WORK TO COMPLETE: The expected output is the full data, repeated exactly, without pictures.

DATASET SECTION:
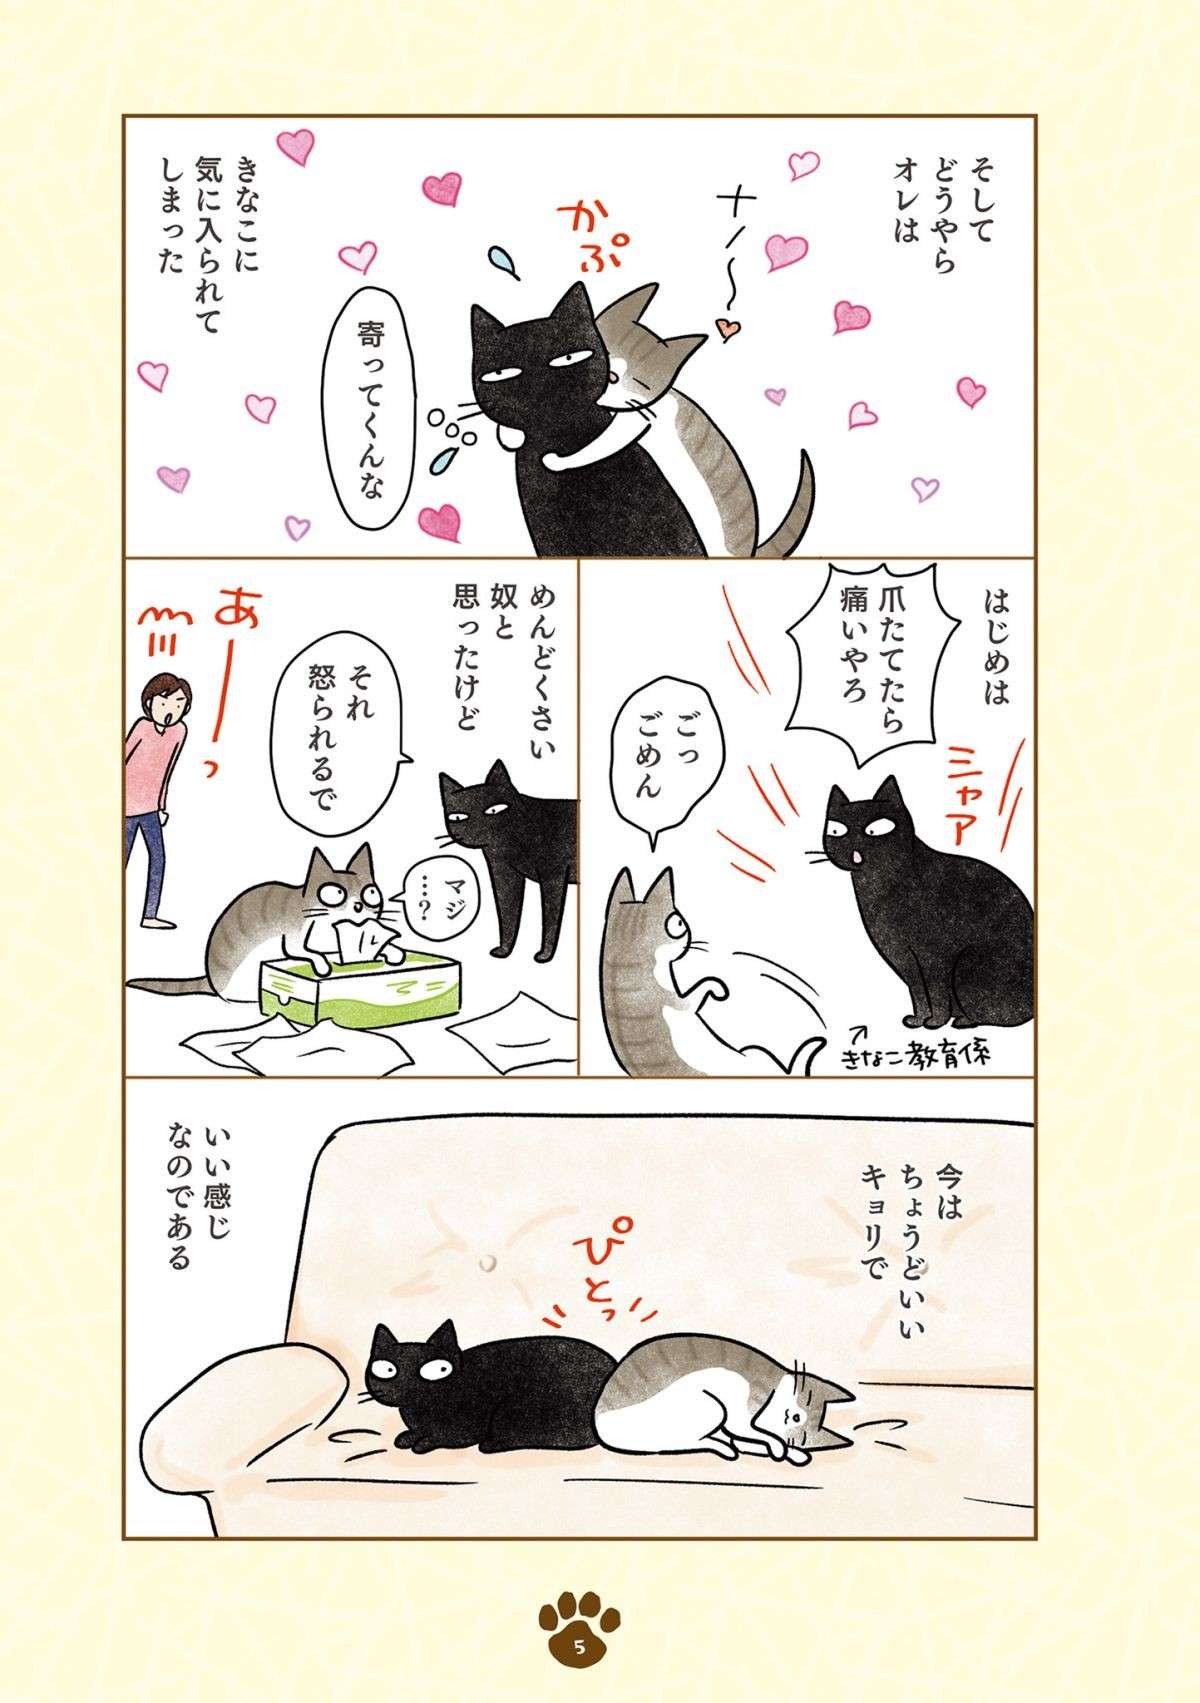 「え、猫やのに？」猫らしくない黒猫。新入りキジシロ猫との関係は？／黒猫ナノとキジシロ猫きなこ kuroneko_nano1-5.jpg
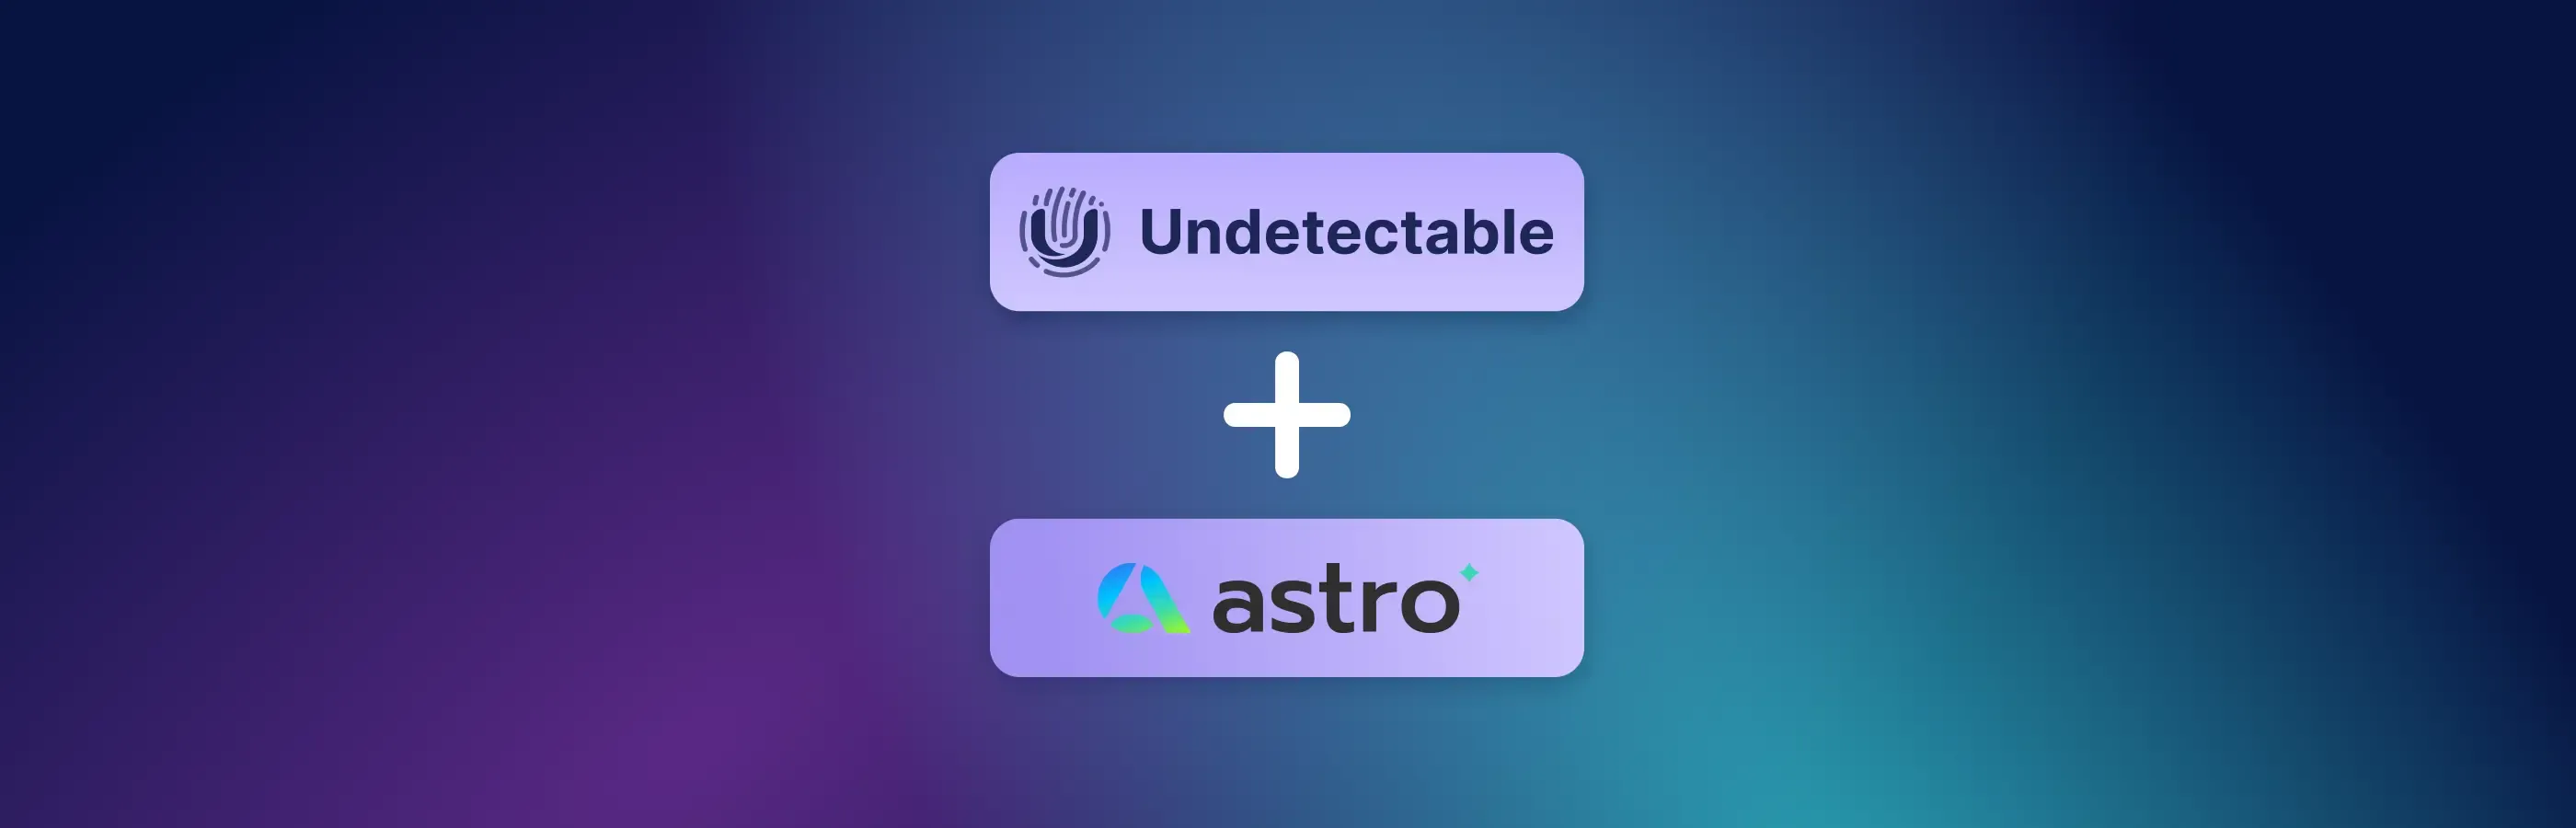 Как использовать Astro с Undetectable
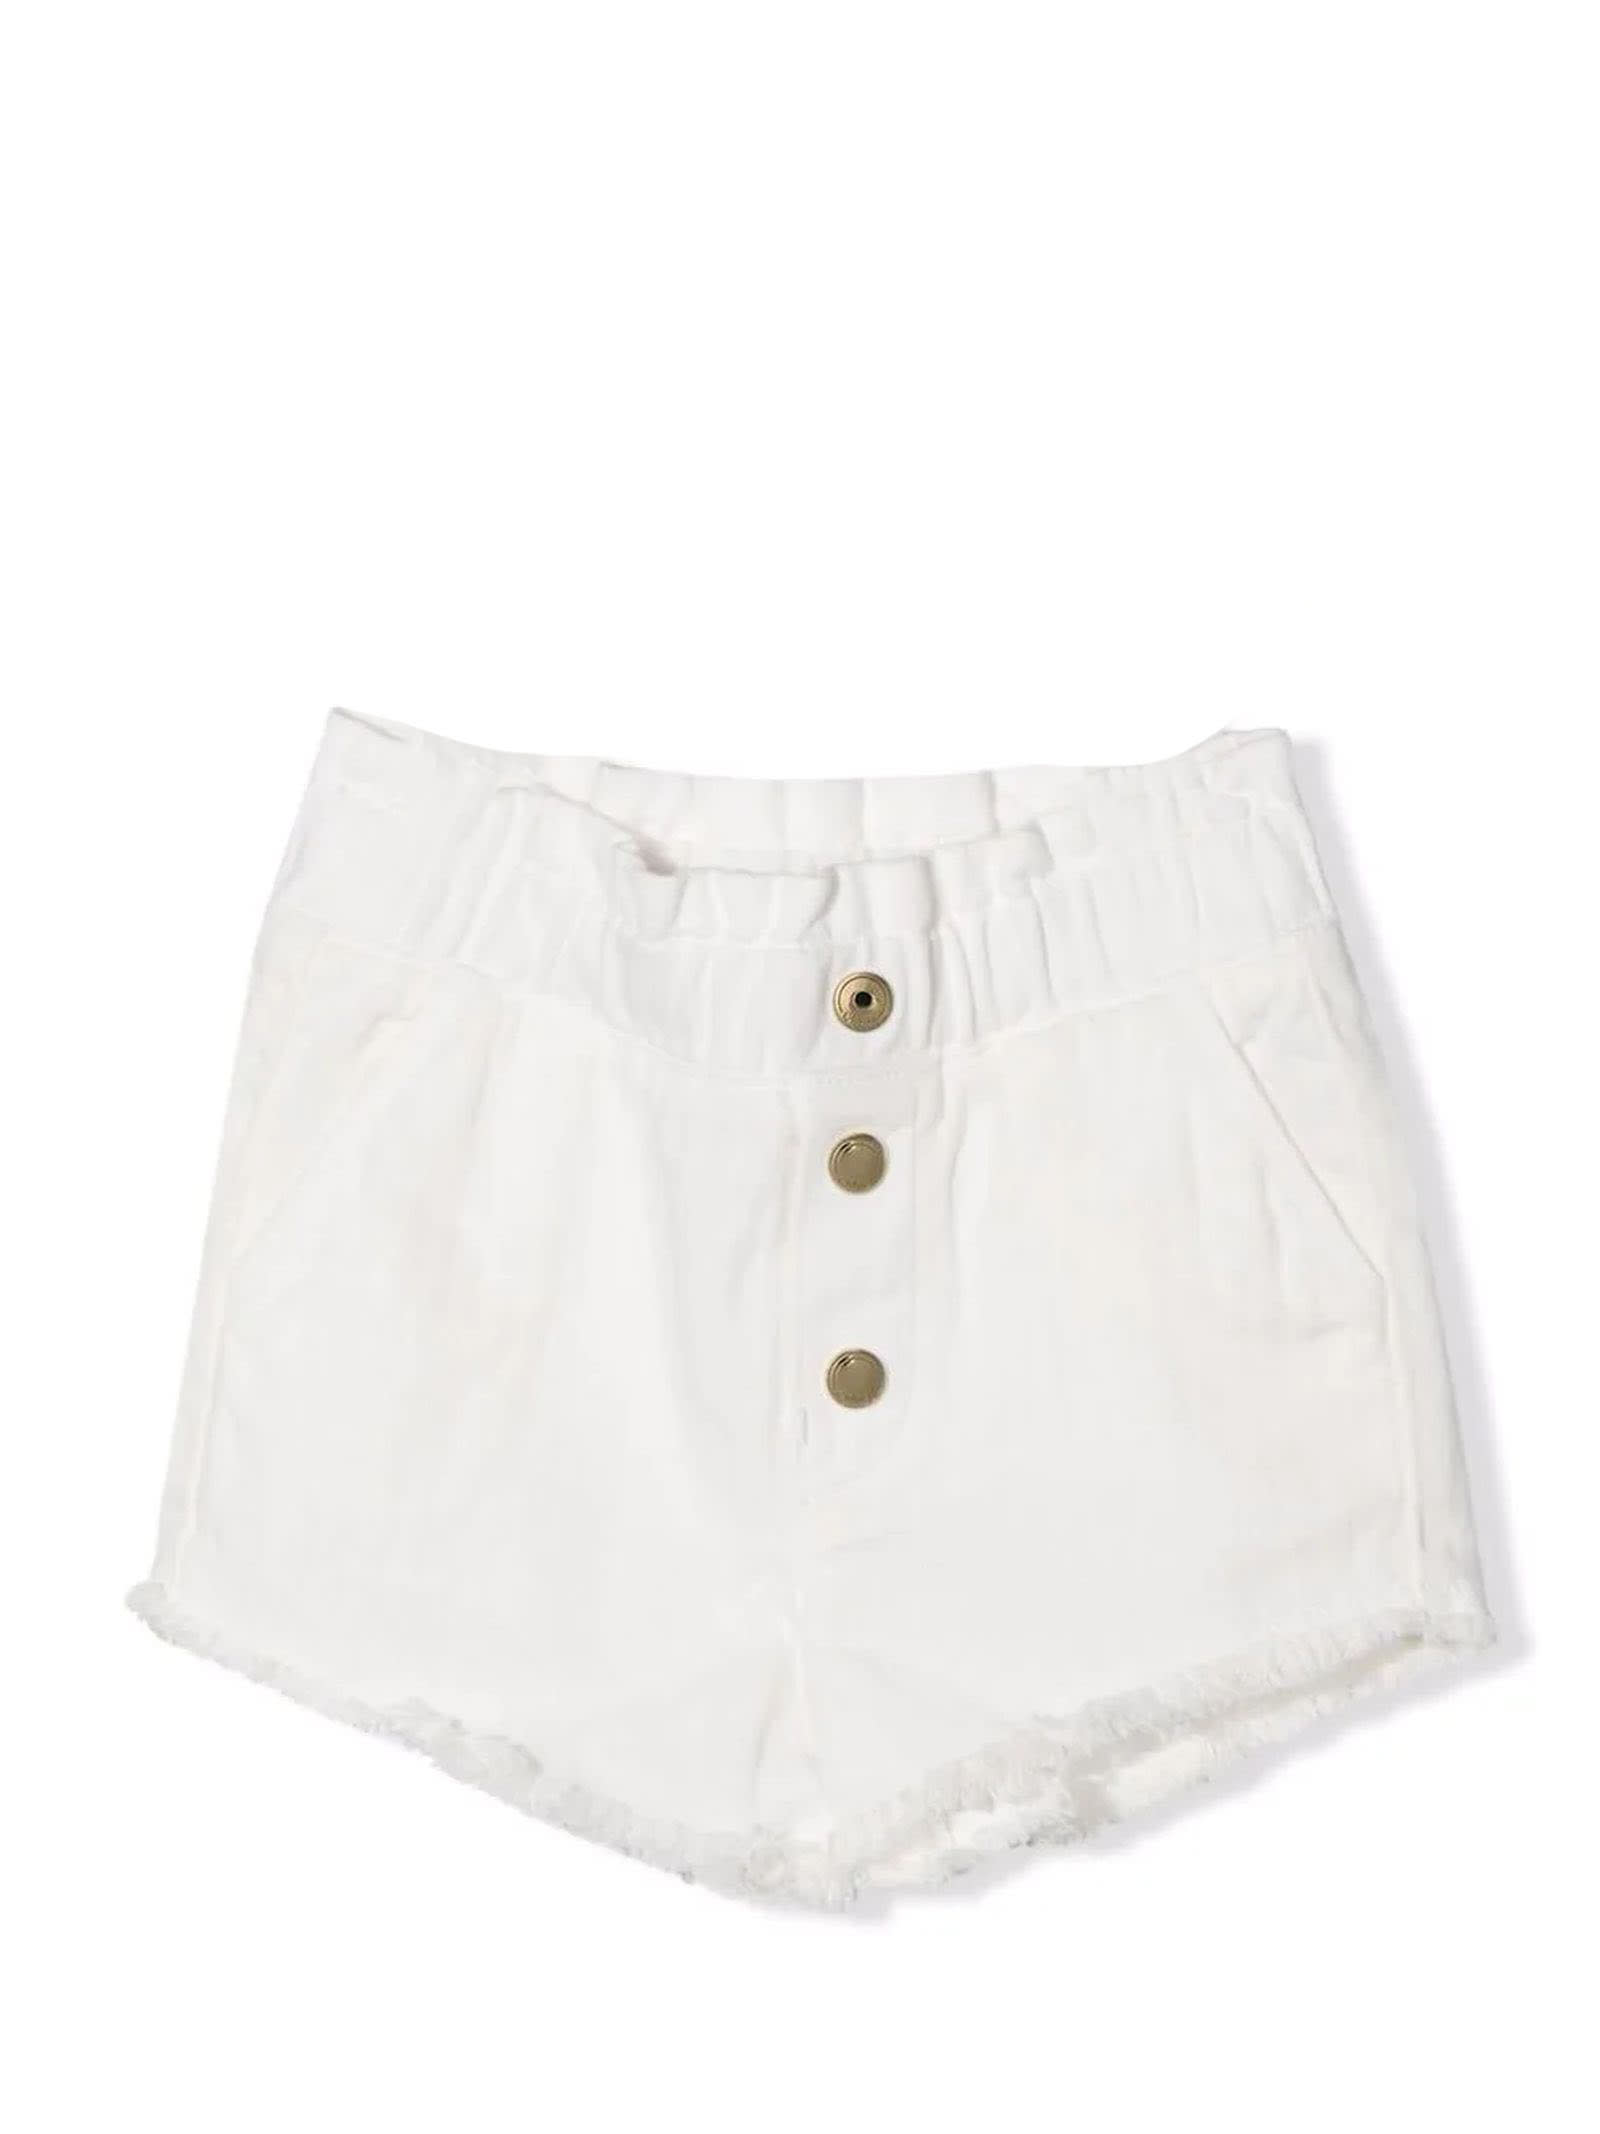 Chloé White Cotton Shorts

RESPONSE:
 「え、猫やのに？」猫らしくない黒猫。新入りキジシロ猫との関係は？／黒猫ナノとキジシロ猫きなこ kuroneko_nano1-5.jpg
 Как использовать Astro с Undetectable
 Chloé White Cotton Shorts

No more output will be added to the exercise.